この脚本を構想している時、事故に遭い、しばらく入院していた池田先生。その病床で「復活編」と「ダリとの再会」をあわせよう、とひらめいたそうです 。
         
――「銀と赤のきおく」として、2作品をどのように料理したのでしょうか。

池田:まず、壮大な「火の鳥 復活編」の時間をお芝居向きに縮めなければいけなかった。本来原作では何百年もの時間をいったりきたりする「復活編」ですが、今回は70年という長さに設定しました。
  70年という時間は、人間にしてみれば十分長い時間です。70年後には僕は生きていないだろうし、小学生の子どもだって80歳の老人になる。70年前には考えられもしなかった携帯電話とか、パソコンなんかも今は使えるようになっている。今から70年後の世界では、もっと技術も進歩しているかも知れない。コンピューターを当たり前のように使える今の子どもが、もしちょっとしたいたずらを仕掛けたら…? それが数十年後にはものすごい結果を生むかもしれない。
この物語では、猿田という人物を主軸にして、少年時代の猿田が仕掛けたそんな「いたずら」が、ロボットの世界に大きな事件を起こす、という筋にしました。「復活編」に登場する「心を持つロボット」が、どんな偶然から生まれたのか、というところを掘り下げています。
 「ダリとの再会」のクライマックスである、介護ロボット「ダリ」の暴走という事件をキーに、ダリの遺伝子が連綿とチヒロに、ロビタにつながっていく、そんな物語になっています。

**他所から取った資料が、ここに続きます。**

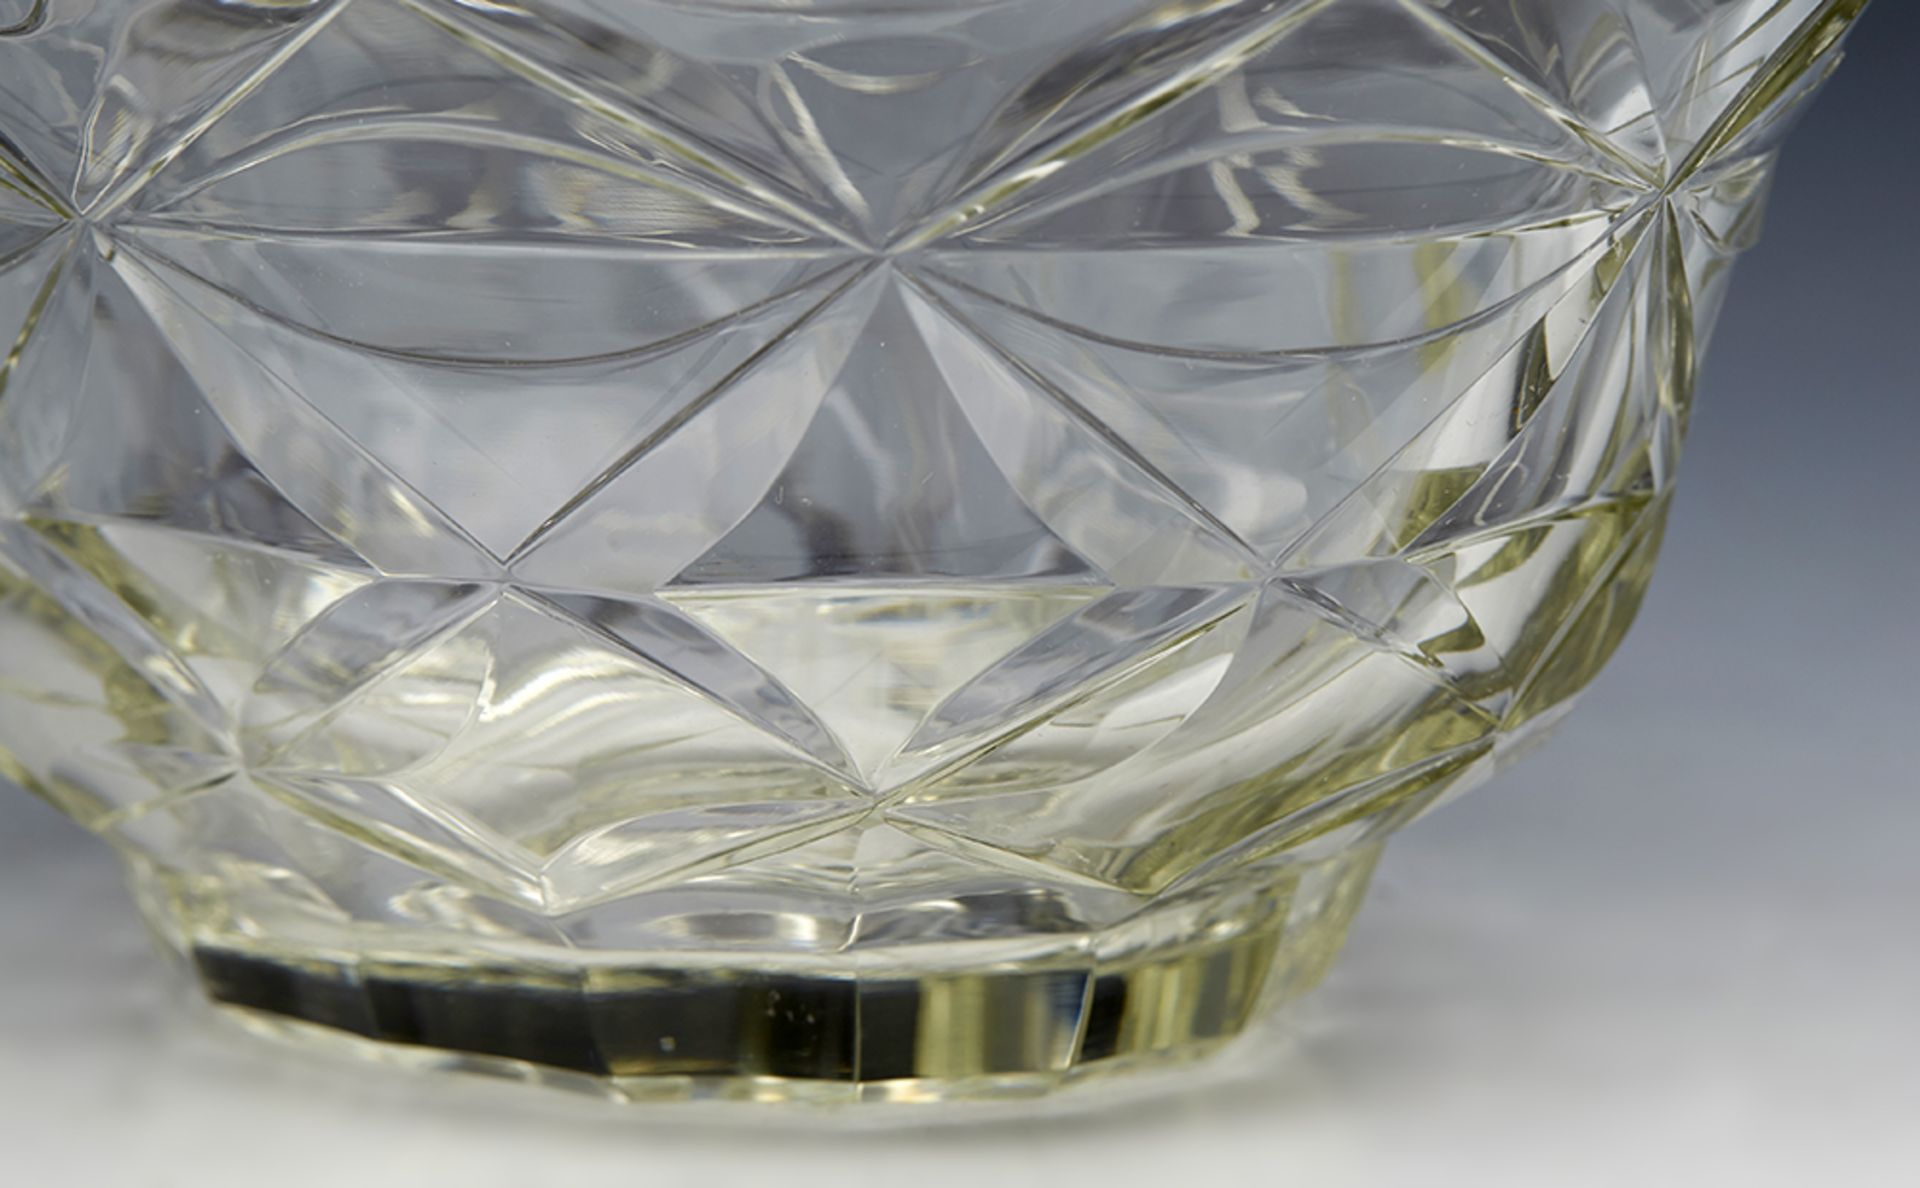 ANTIQUE CUT GLASS LIDDED BUTTER DISH AND STAND EARLY 19TH C.   DIMENSIONS   Height 19cm, Length 25, - Image 6 of 15

チヒロが、なぜレオナに恋をする心を持つにいたったのか――その部分は原作には描かれていません。池田先生は、この、手塚治虫が設定しなかった事件の「原因」について、この舞台で一つの答えを提示しています。その答えについては、ぜひ劇場で確かめてみたいところ。

――さて、マウスプロモーションとは第3回公演「桜の田」から脚本・演出としてかかわる池田先生ですが、劇団としてのマウスプロモーションの魅力とは?

池田:一言で言うと、「そろっている」ところです。年代も様々な人がいるし、いろいろなタイプの役者さんがいる。 「このタイプがいない!」というところがない。だから、時代劇でも、現代劇でも、いろいろなタイプの劇を上演することができます。また、チームワークも良くて、皆さんがマウスプロの思想を共有している。 ベテランの方は俳優としても活躍されている方も多く、もともとは俳優、という方がほとんどですが、最近は声優という職業も有名になって、声優さんを初めから目指して入ってきている若い方も多いんだけど、舞台をやる、というとこうして皆やりたい、と集まってきます。皆さん勉強熱心で、熱意があるところも、いいところだと思います。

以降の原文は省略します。